Thursday, April 16, 2009

"Roots" - Alex Haley

Although I had seen most of the TV mini-series back in the 70’s, I’d never actually read the book that started it all, and memories being hazy things, I couldn’t really remember the story. Reading Roots was a reminder of why this book was such a phenomenon when it came out.

Other than being a well-written, interesting, and moving story, there were several things about the book that made a notable impression on me.

First, was the amount of time at the beginning of the story that Haley devoted to Kunta Kinte’s life growing up in Africa. You know what’s eventually going to happen to him, but it took a lot longer to get to than I thought it would. Haley purposely makes you spend a lot of time with Kunta as he grows from a boy into a man, and I noticed that I became very interested in this boy and his life just as it was. Knowing the inevitable was coming, each page got harder and harder to turn, and I started wishing that Kunta would just be able to continue living out his life in his village with the people & the customs that he knew. Of course, that wasn’t his fate, and just when you get to the point where you begin to think that everything will be okay, you reach the page that changes everything for him.

Secondly, I was impressed with the tone of the book. There was no malice, anger, or agenda in Haley’s writing. He wasn’t trying to make a statement or pass judgment; he was simply telling a story about his ancestors, and that is exactly how the story is presented. I thought he was very fair and impartial in his depictions of everyone in the story, white and black. I don’t know how accurate his descriptions & depictions were, but they certainly seemed real; not contrived or sensationalized.

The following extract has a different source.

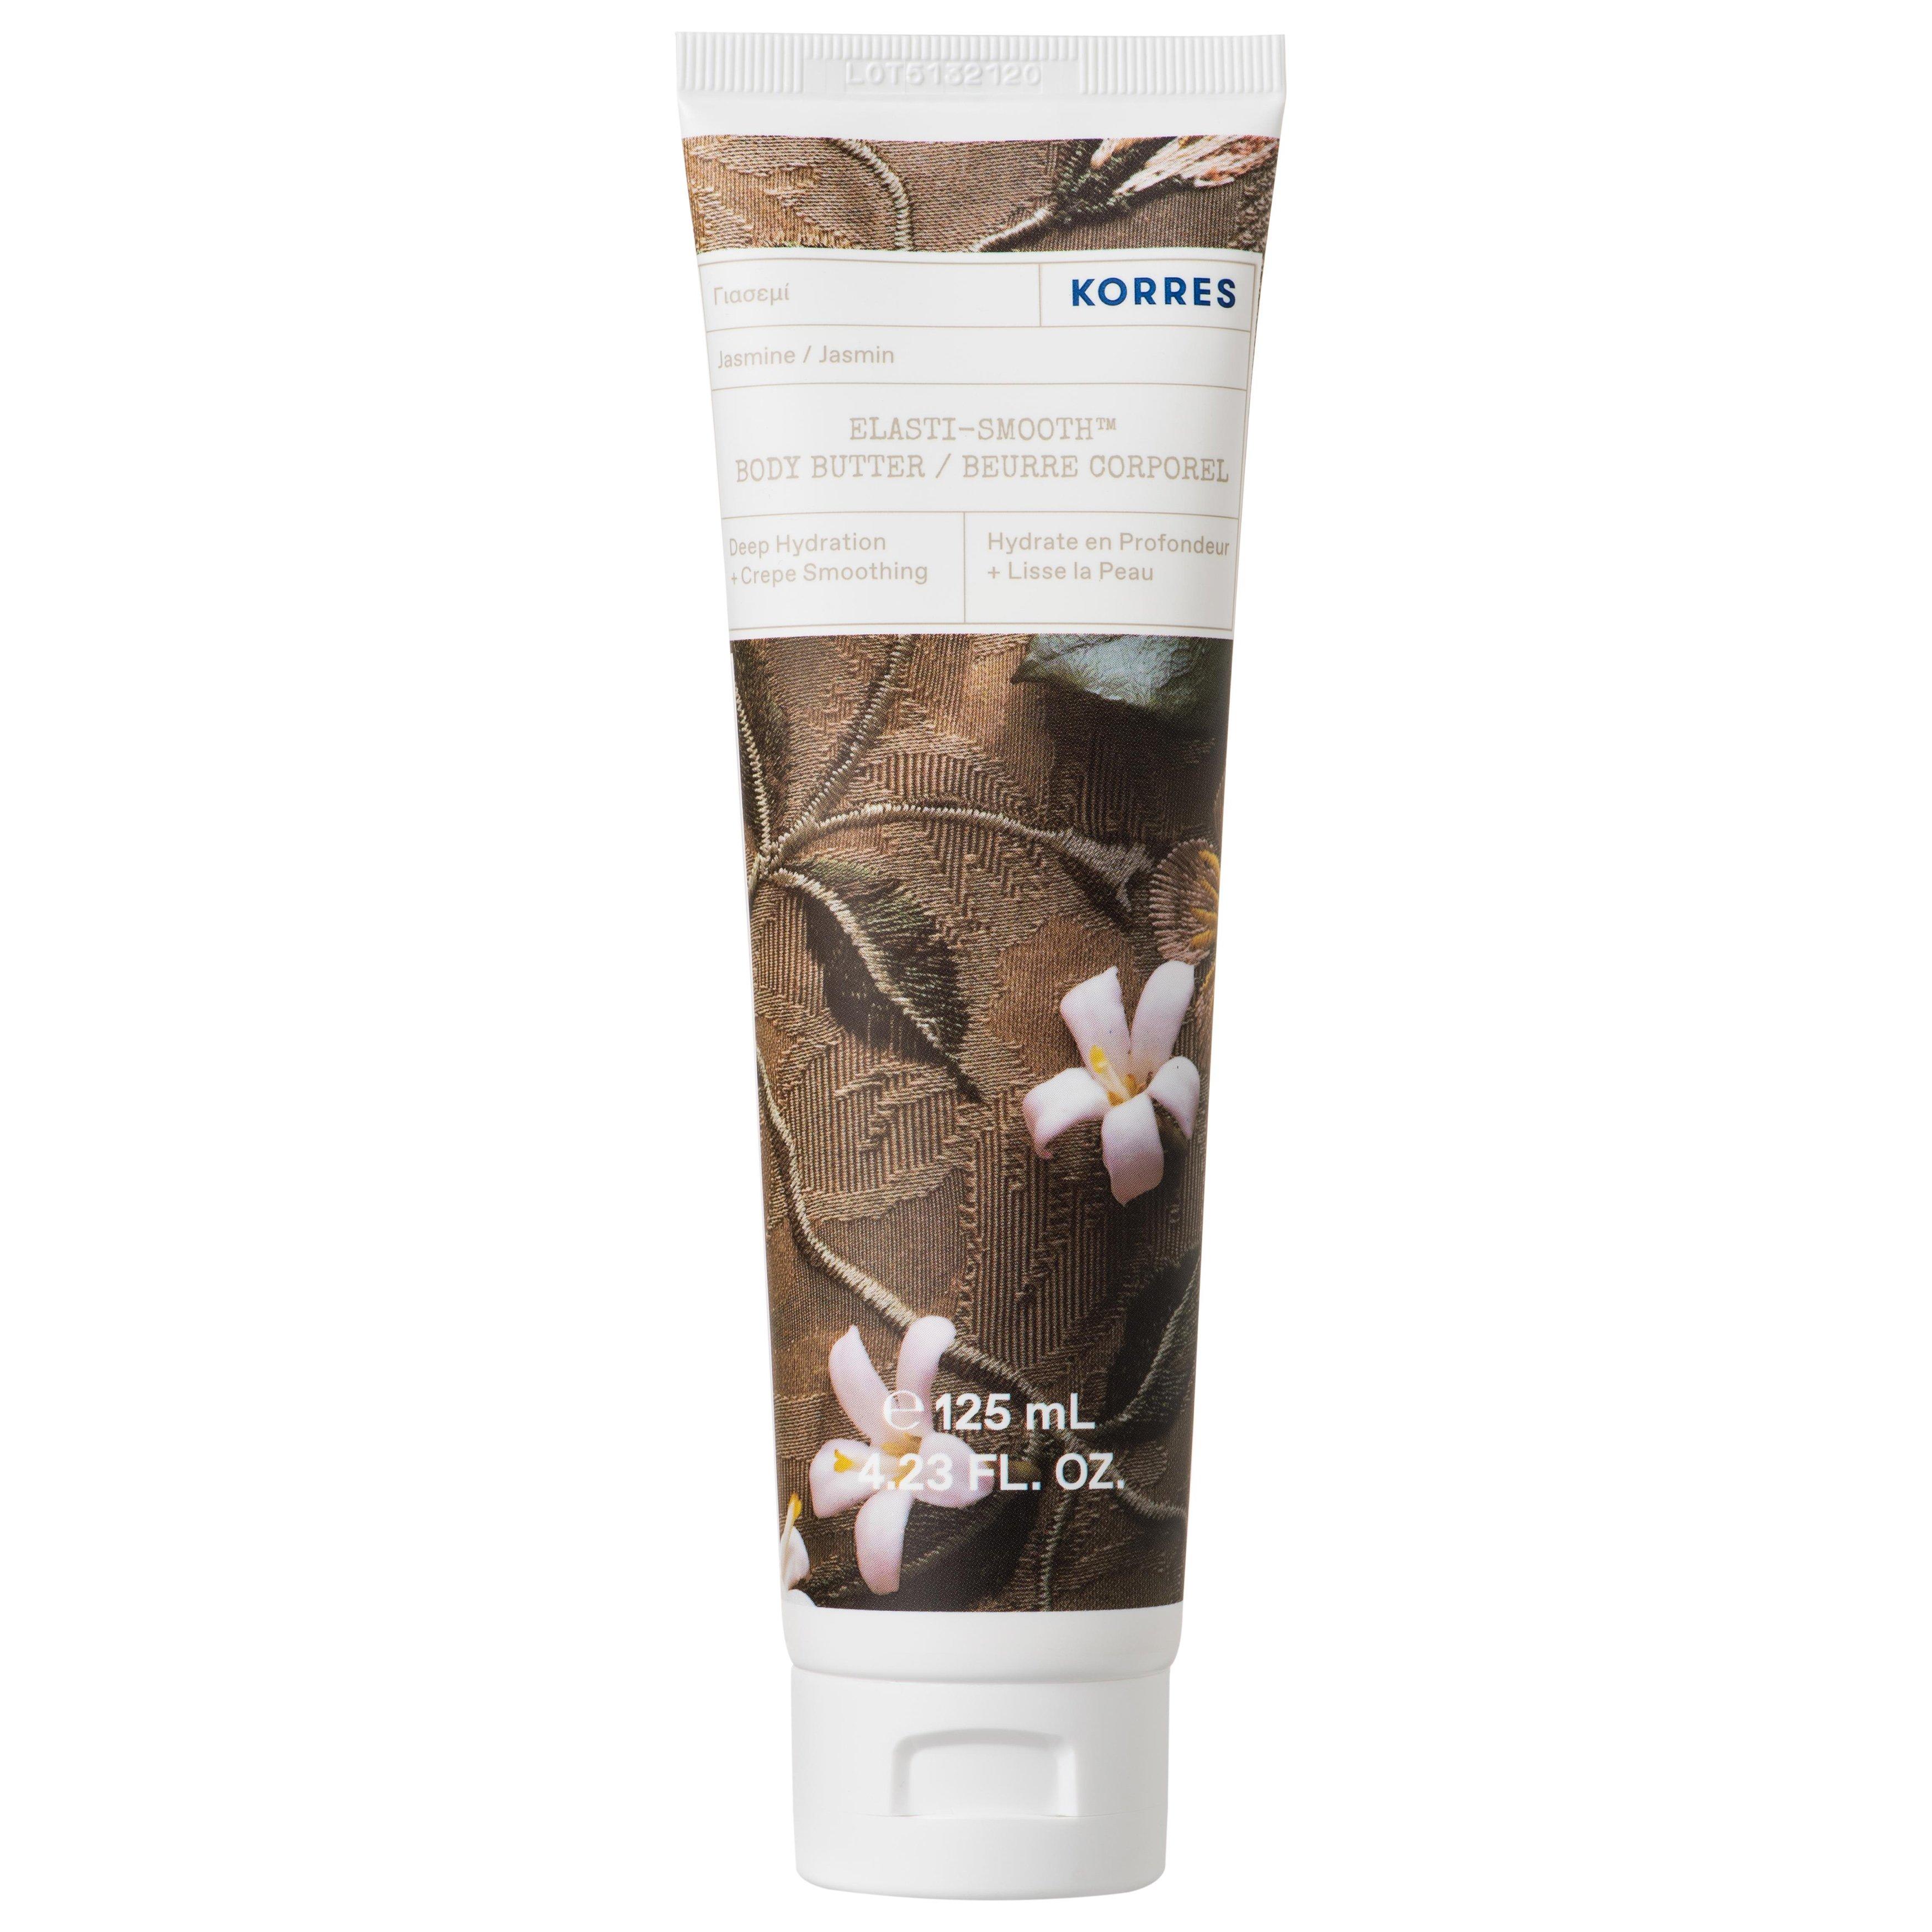 Korres Jasmine Elasti-Smooth Body Butter Πλούσιο Κρεμώδες Γαλάκτωμα Σώματος με Φρέσκο Άρωμα Γιασεμί 125ml

Third, were the abrupt changes that occurred in the story. As an example, for 600 pages or so the story focuses almost exclusively on Kunta, and then suddenly – without warning – you leave him behind while the story takes another path. You never hear another word about him. You never find out his ultimate fate. You are left instead to simply wonder, just as his daughter did. I couldn’t help but feel a deep sense of loss.

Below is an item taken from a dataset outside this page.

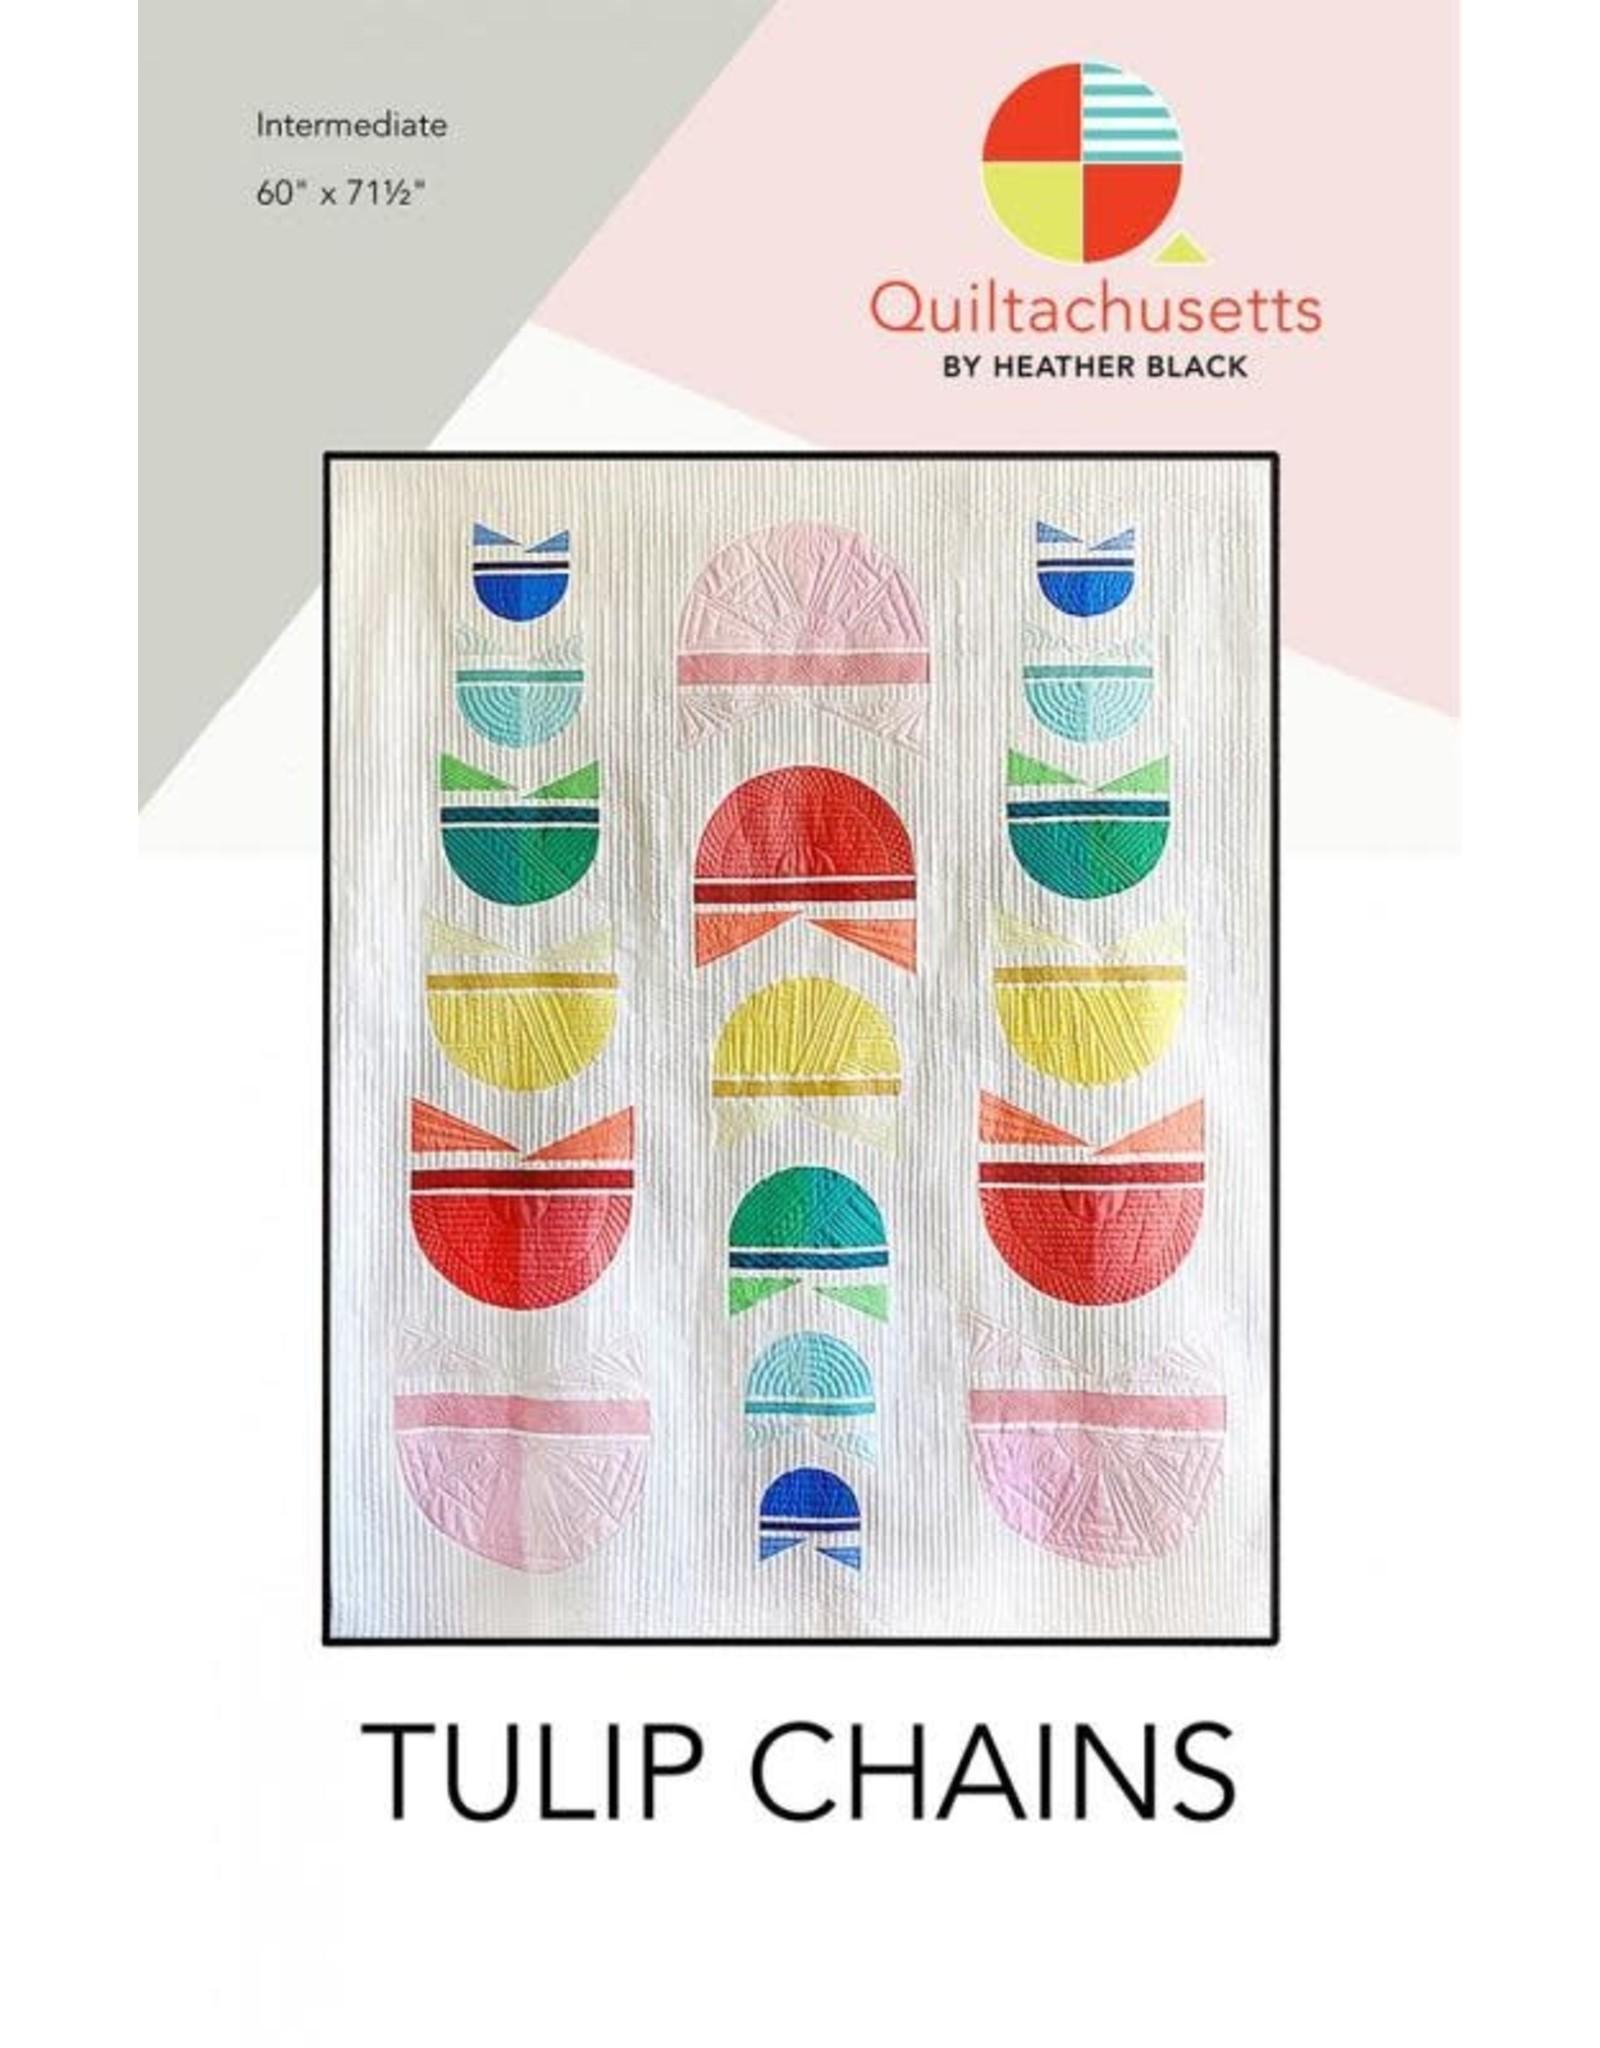 Quiltachusetts Tulip Chains Quilt Pattern

Finally, as Haley brings the generations of the story up to his own life, he relates how, during his research on the book, he was able to track down the actual village in Africa where his ancestor Kunta had lived before his abduction. Kunta was still very much a part of the village’s oral ancestral history, and there was a very moving moment when Haley relates what happened when the people of the village came to realize that he was one of the descendants of Kunta Kinte, this young 17-year old boy who vanished without a trace one day hundreds of years before.

In the end, Roots isn’t really a story about slavery; it’s a story about human beings, the things that we do to each other, and how those things shape every generation to come. I highly recommend it.

4 comments:

PackMatt73 said...

Nice. You may have just inspired me to pick that up.

I'm reading something you might be interested in: Quicksilver by Neil Stephenson. You may have already read some of his stuff...seems up your alley.

http://www.nealstephenson.com/quicksilver/

Blaine Staat said...

I'll check him out. THX!

Kathy said...

I remember loving both the movie and the book. But then I was disappointed later when Haley said Roots was a work of "faction" -- both fact and fiction, and that he wanted to give his people a myth to live by.

This is what Thomas Sowell had to say about the book some years ago:

http://www.capmag.com/article.asp?ID=1384

Just Me said...

I'm reading through your posts and have been really delighted with your taste. I've never read the book but was very impressed with the mini series, it stayed with me for a long time.